Ибо из тварей, которые дышат и ползают в прахе, Истинно в целой вселенной несчастнее нет человека1.

Их произносит Зевс, наблюдающий за битвой ахейских и троянских героев. Но так ли уж они умаляют людей, как это может показаться? Да, блаженствующий на Олимпе Зевс вправе сказать то, что он сказал. Но его речь о людских несчас­тьях, а вовсе не их ничтожестве. Вовсе не ничтожными существами и их столкно­вениями захвачены боги. Между прочим, они обращены к миру людей еще и пото­му, что в собственно божественном мире все внутренне завершено. Процесс тео­гонии и космогонии (становления богов и космоса) давно завершен. Наступило время пониженного в качестве и интенсивности самоосуществления героев.

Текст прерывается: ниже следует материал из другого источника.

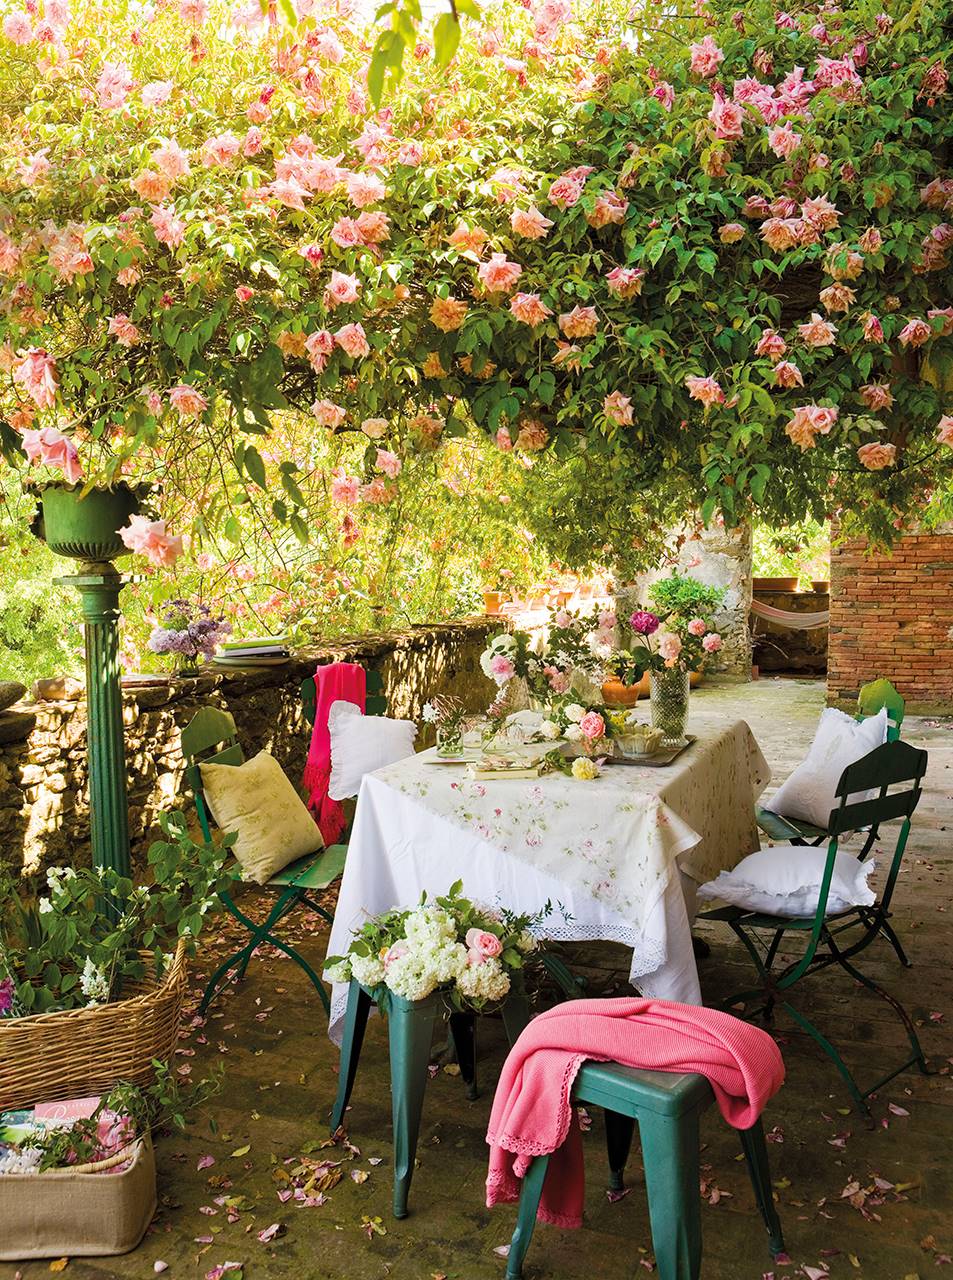 Plantas trepadoras y enredaderas: un porche cubierto por un rosal trepador con flor rosa

Если боги так пристально и заинтересованно за ними следят, то одно это свидетель- ствует о значимости века героев. Своими подвигами они вносят в космическую жизнь свою лепту, достраивают ее полноту на свой лад.

Для древних греков мир героев, запечатленный в гомеровском эпосе, пред­ставлял собой некоторую промежуточную реальность между миром божествен­ным и собственно человеческим. Эпическое время было для них правременем, не тем правременем, в котором возникал и устроялся богами космос, а тем, когда люди впервые заявили о своем существовании, вернее, были для древних греков своего рода "пралюдьми". Нередко им поклонялись и учреждали их культ. В этом случае они начинали восприниматься как боги низшего ряда. Однако более важ­но то, что дистанция между героями и людьми в принципе иная, чём между людь­ми и богами.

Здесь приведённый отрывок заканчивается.